Because if is a keyword. You have similar problems with o.while and o.for :
pax> python >>> class C(object): pass ... >>> o = C() >>> o.not_a_keyword = 123 >>> o.if = 123 File "<stdin>", line 1 o.if = 123 ^ SyntaxError: invalid syntax >>> o.while = 123 File "<stdin>", line 1 o.while = 123 ^ SyntaxError: invalid syntax >>> o.for = 123 File "<stdin>", line 1 o.for = 123 ^ SyntaxError: invalid syntax
Other keywords in Python can be obtained using:
>>> import keyword >>> keyword.kwlist ['and', 'as', 'assert', 'break', 'class', 'continue', 'def', 'del', 'elif', 'else', 'except', 'exec', 'finally', 'for', 'from', 'global', 'if', 'import', 'in', 'is', 'lambda', 'not', 'or', 'pass', 'print', 'raise', 'return', 'try', 'while', 'with', 'yield']
Normally you should not use the keyword as a variable name in Python.
I would suggest choosing a more descriptive name, for example iface , if it is an interface, or infld for an input field, etc.
As for your question about why keywords are not allowed, this greatly simplifies parsers if lexical elements are not contextual.
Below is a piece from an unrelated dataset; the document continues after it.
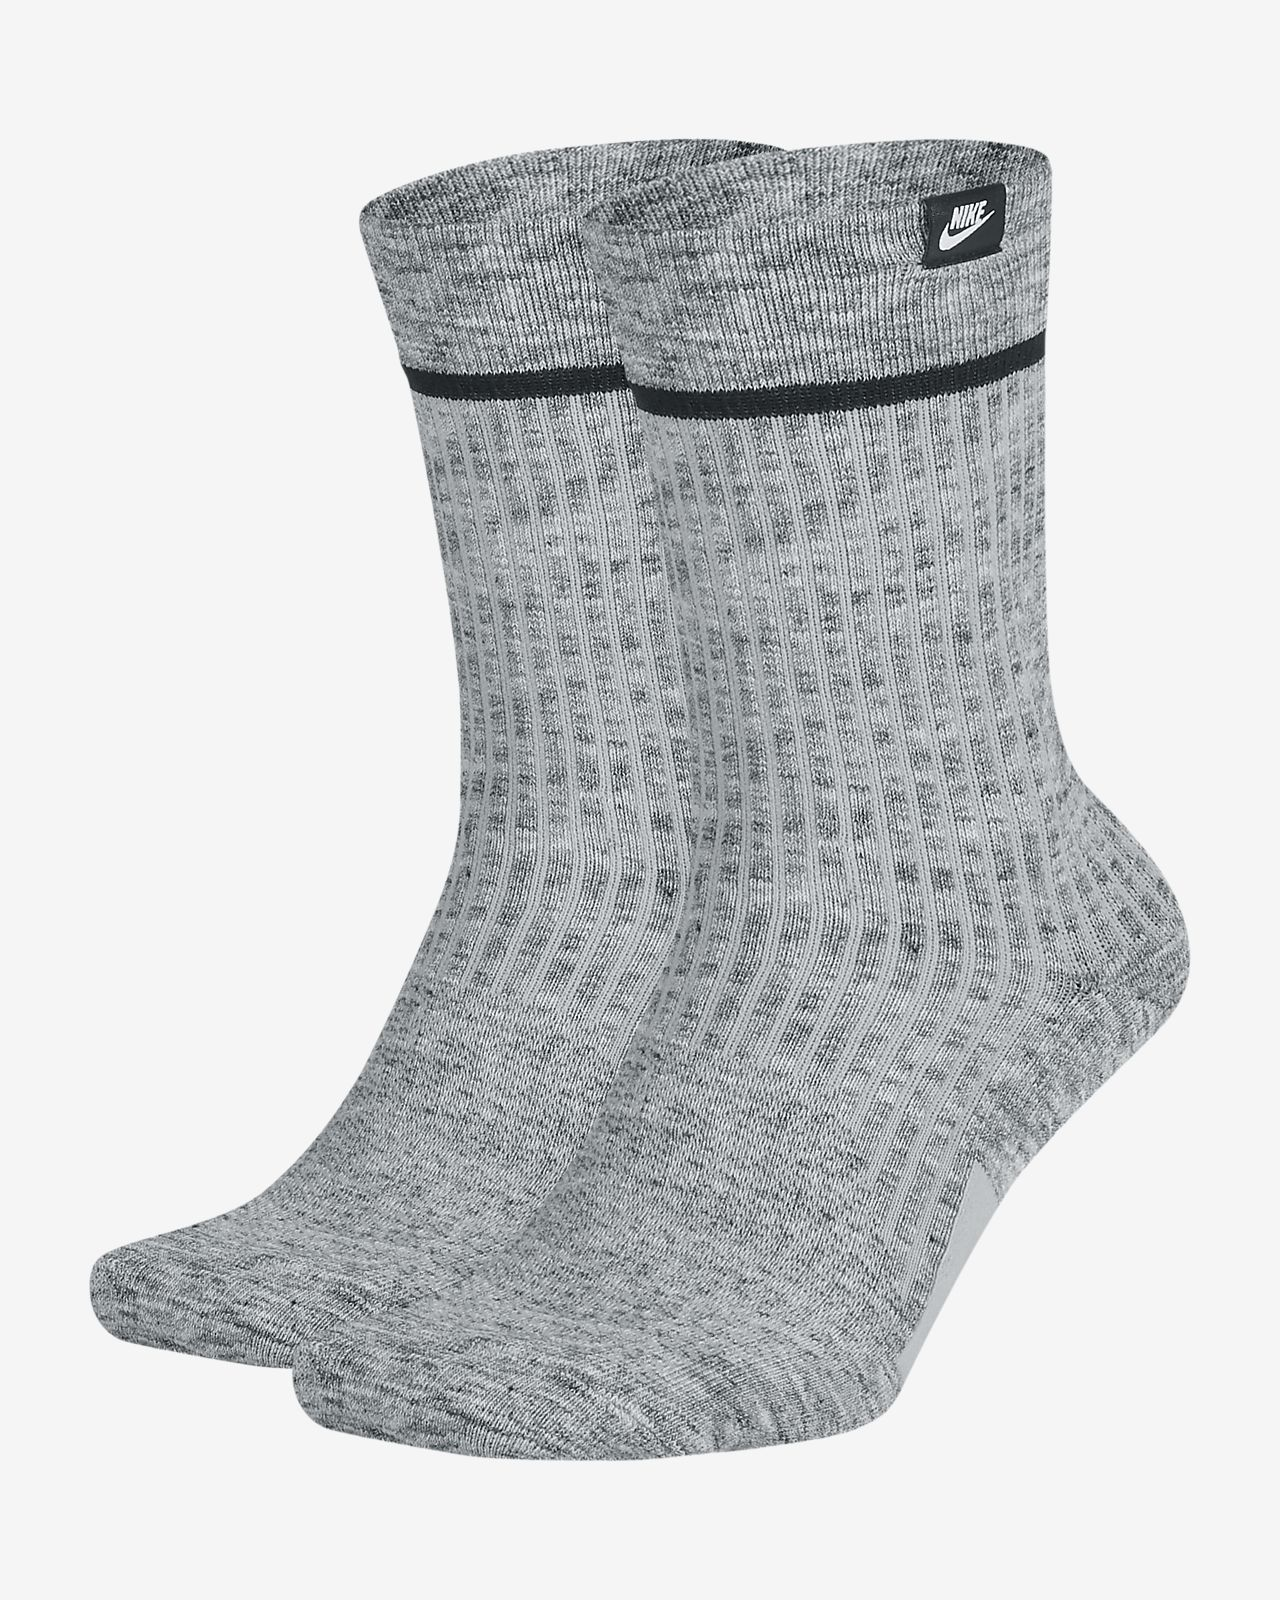 6cd9ece0826 Nike SNKR Sox Essential Crew Socks (2 Pairs). Nike.com

It is necessary to treat the lexical if token as a keyword in some places, and the identifier in others will introduce complexity that is not needed if you choose your identifiers more wisely.
For example, the C ++ operator:
long int int = char[new - int];
can be (with little difficulty) evaluated using a complex parser based on where these lexical elements originate (and what exists on both sides of them). But, at least in part, in the interest of simplicity (and readability) this is not done.